• Work to complete: Nothing but an exact copy is asked for: the lines in the material below from the one with "stein】OVERSIZED LAYERED SINGLE" through the one with "Frozen onion rings", pictures excluded.

Records for this exercise: Begin

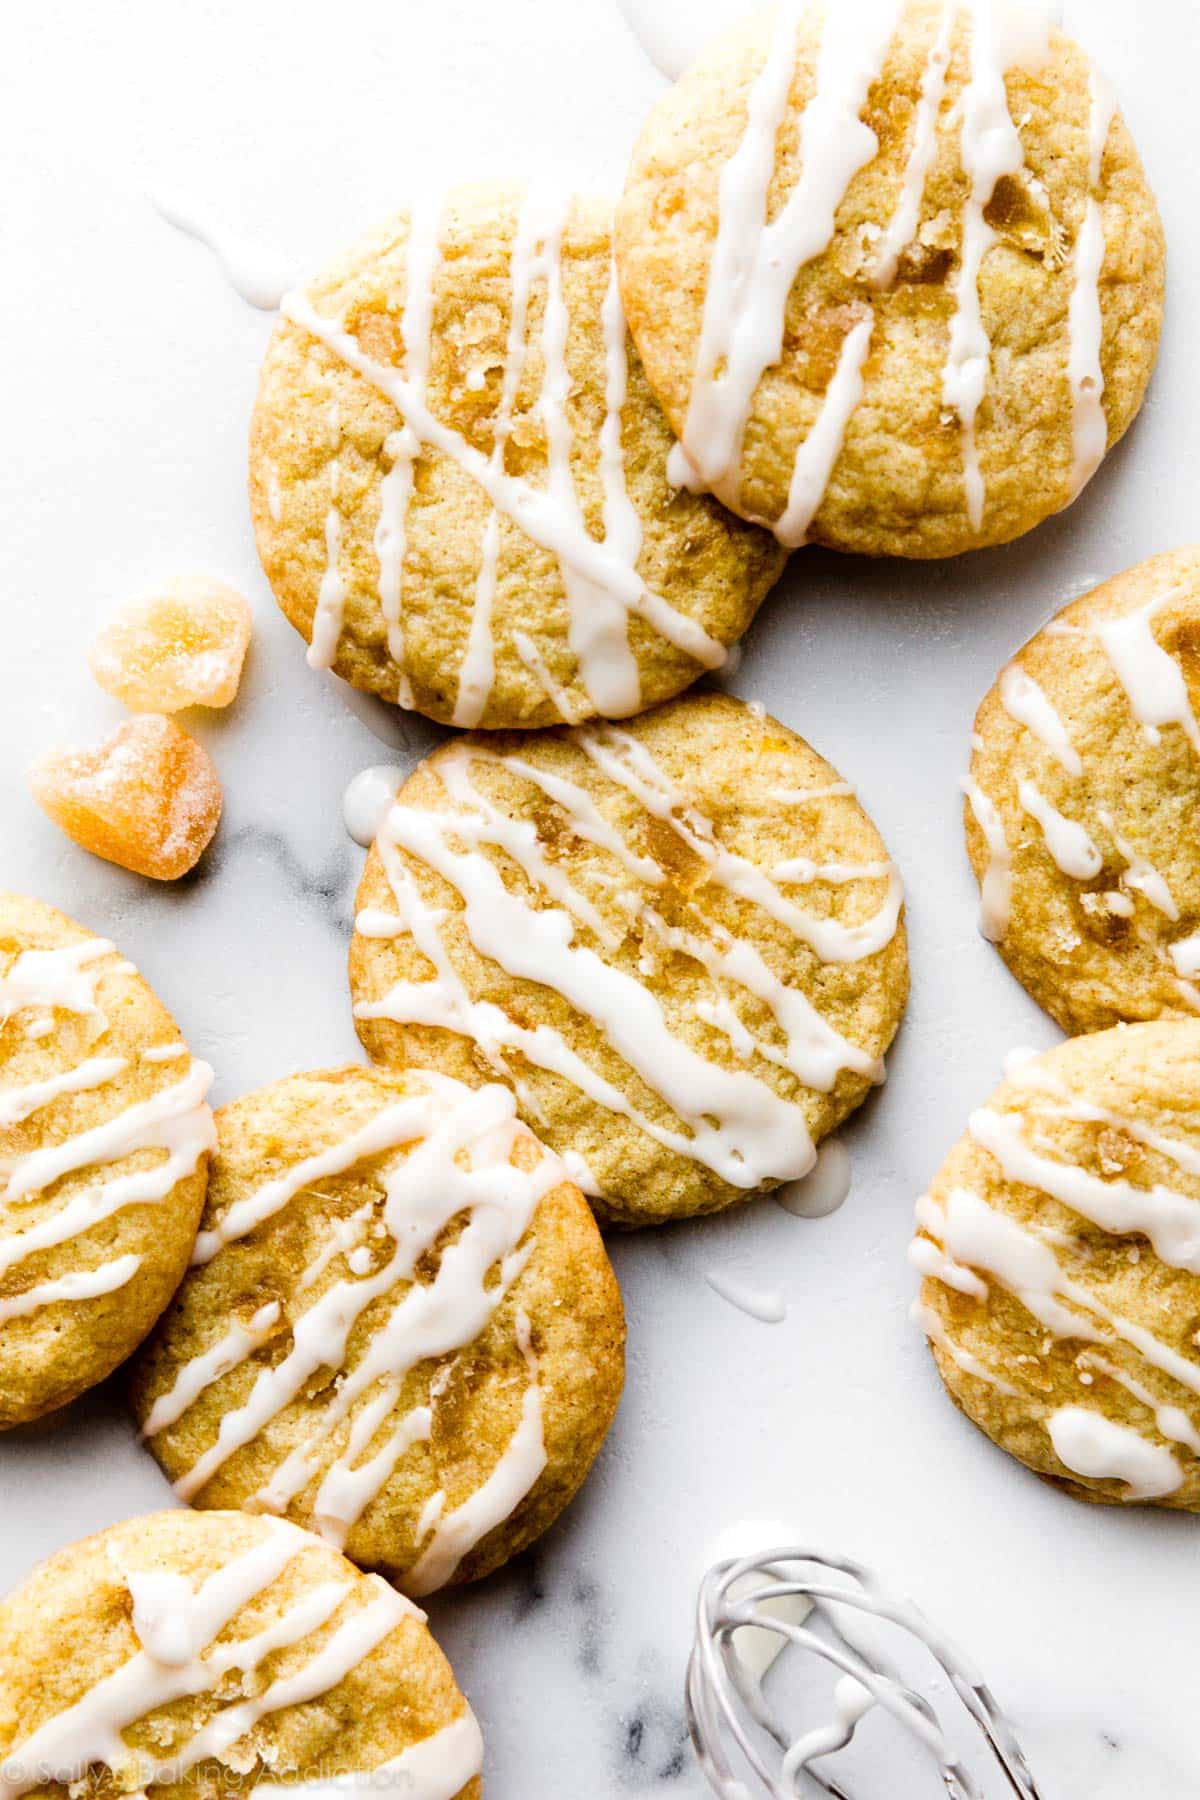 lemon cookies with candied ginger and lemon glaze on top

Records for this exercise: End
Records for this exercise: Begin

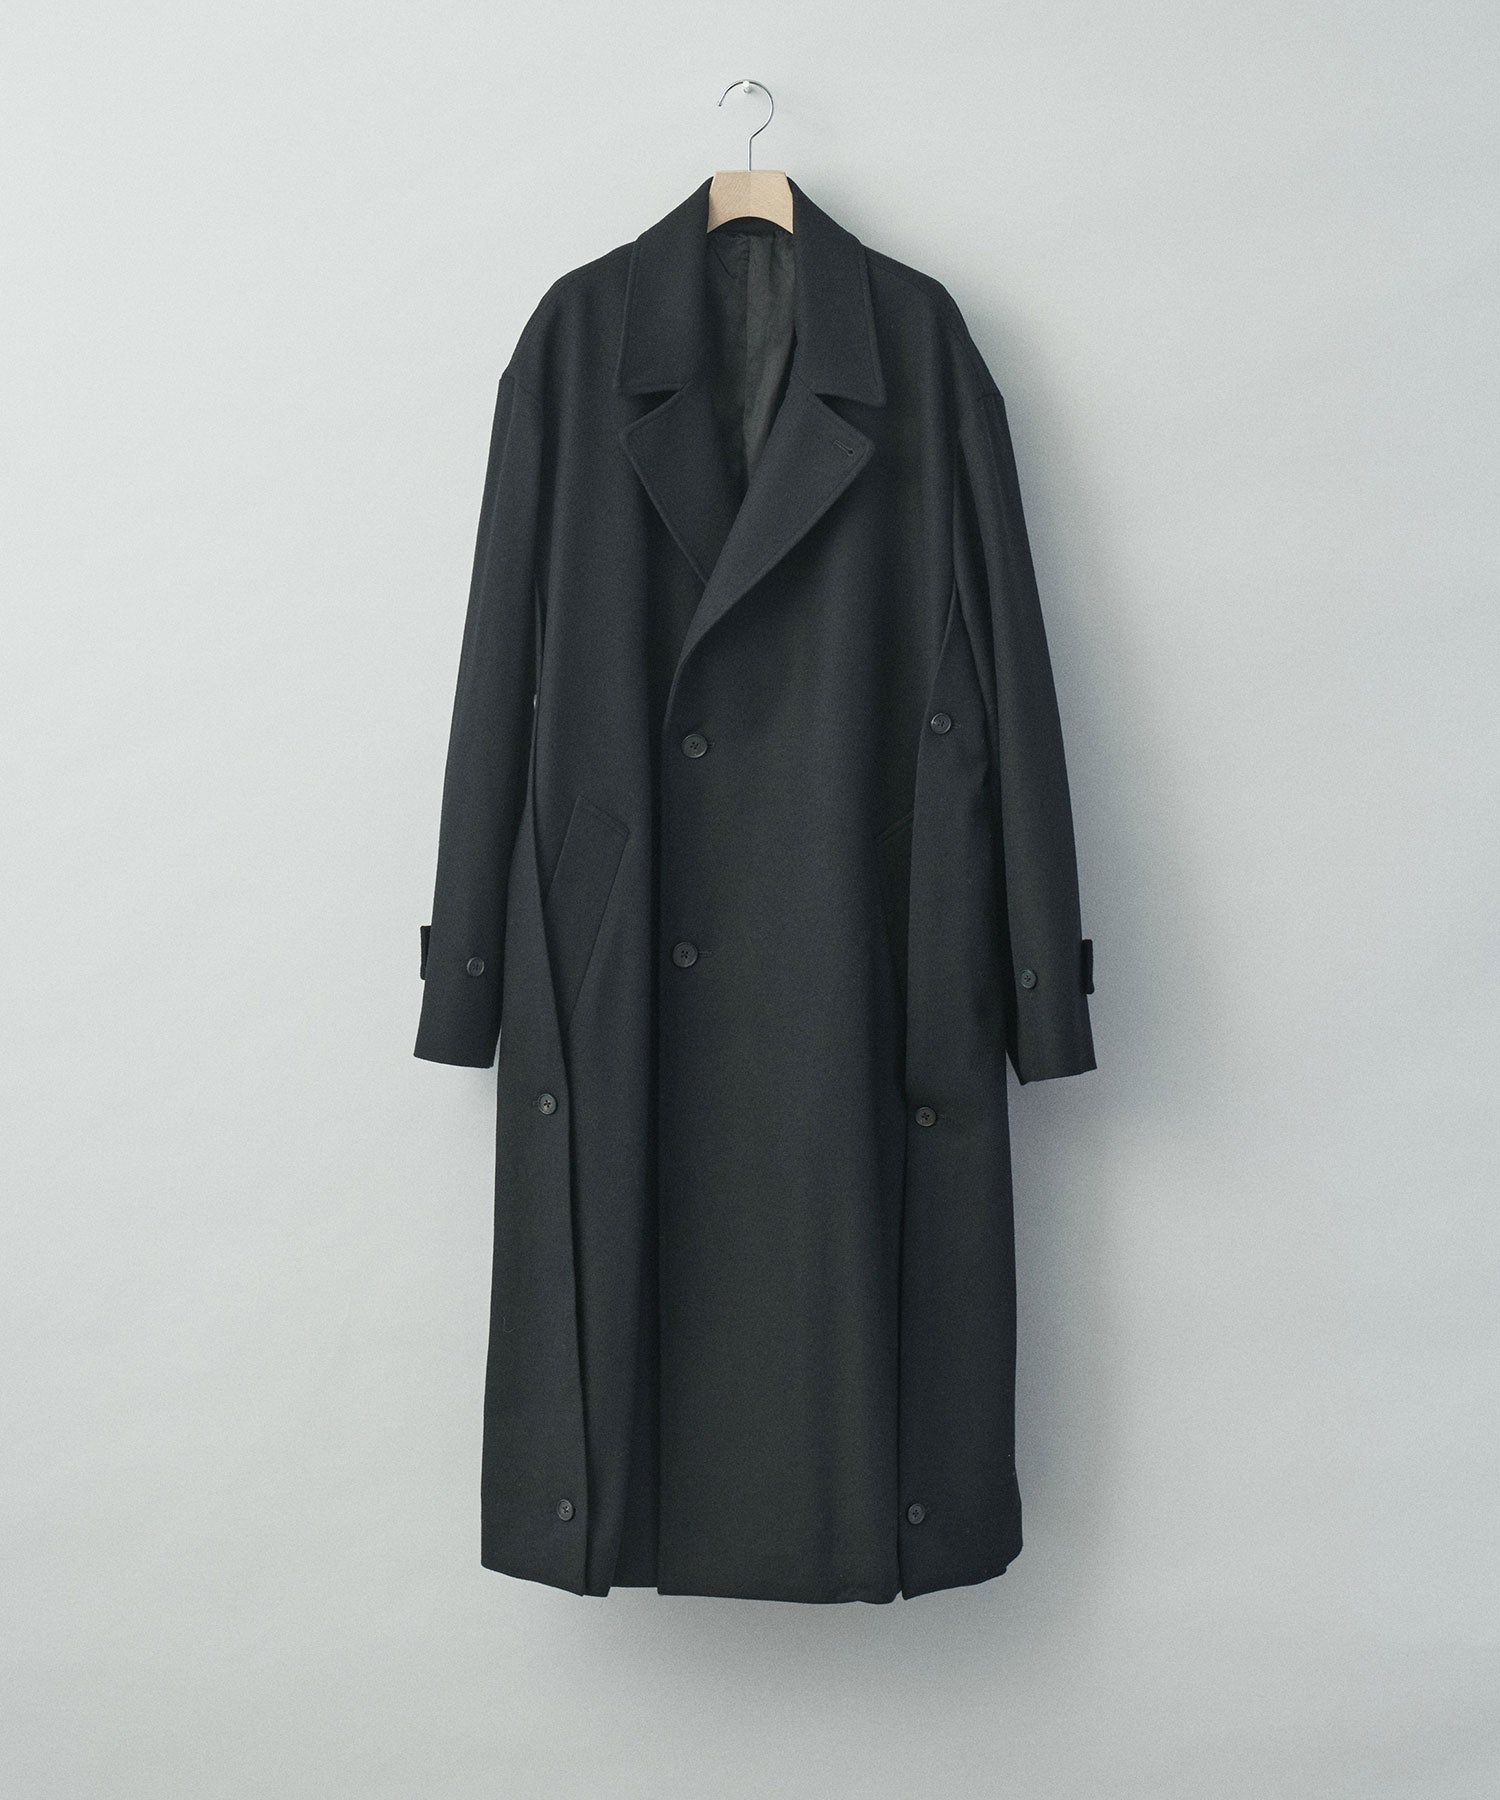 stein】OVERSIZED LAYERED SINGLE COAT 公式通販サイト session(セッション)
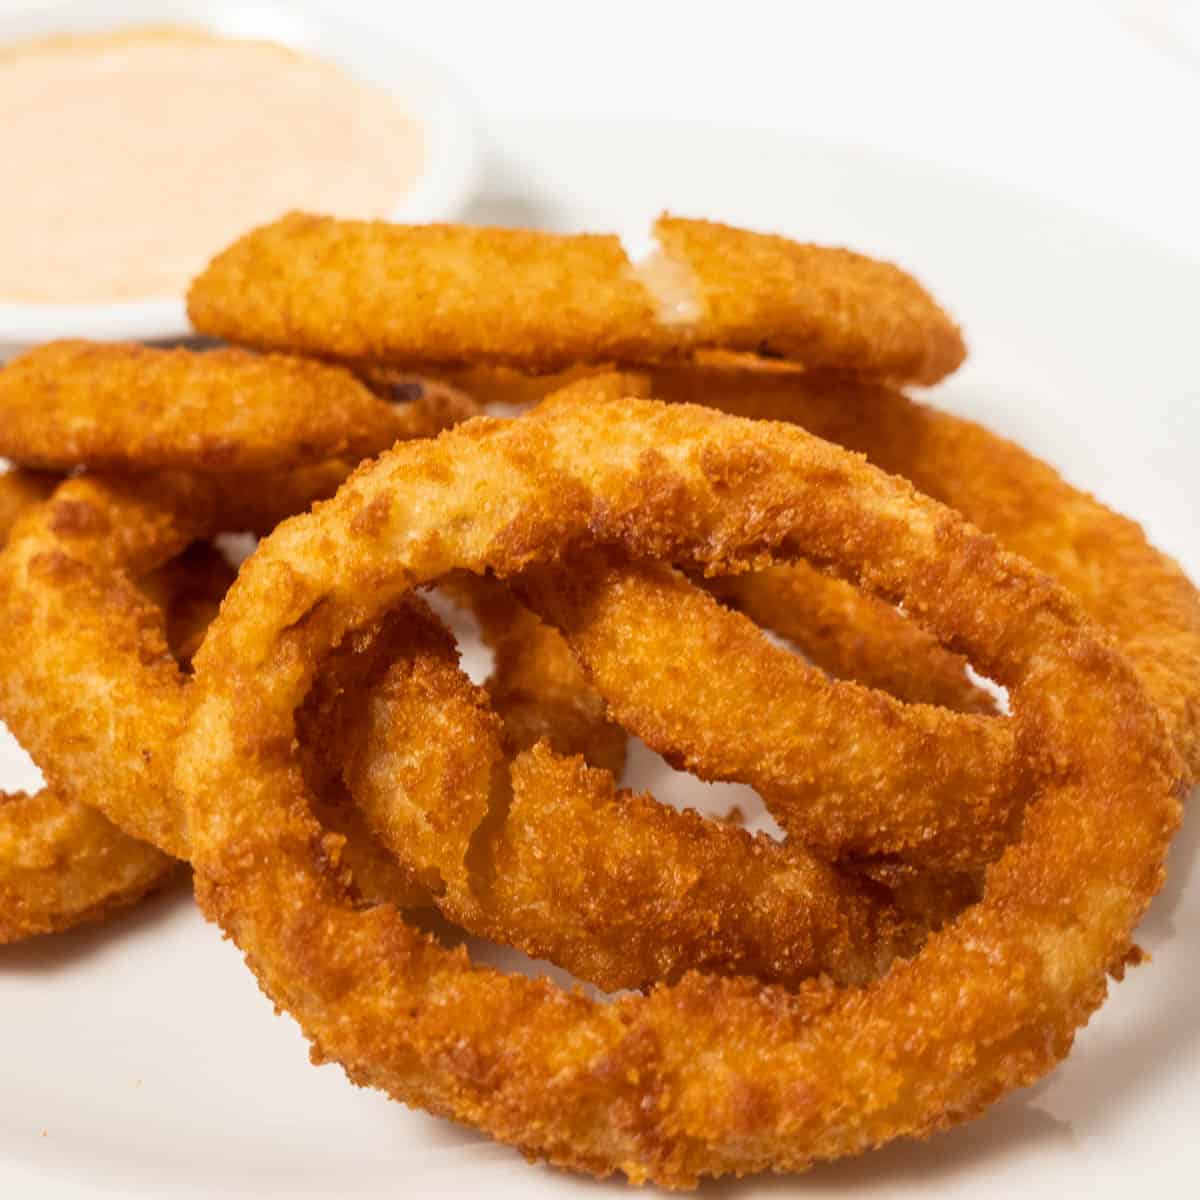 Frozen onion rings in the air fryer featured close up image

Records for this exercise: End

• Answer to the problem:
 stein】OVERSIZED LAYERED SINGLE COAT 公式通販サイト session(セッション)
 Frozen onion rings in the air fryer featured close up image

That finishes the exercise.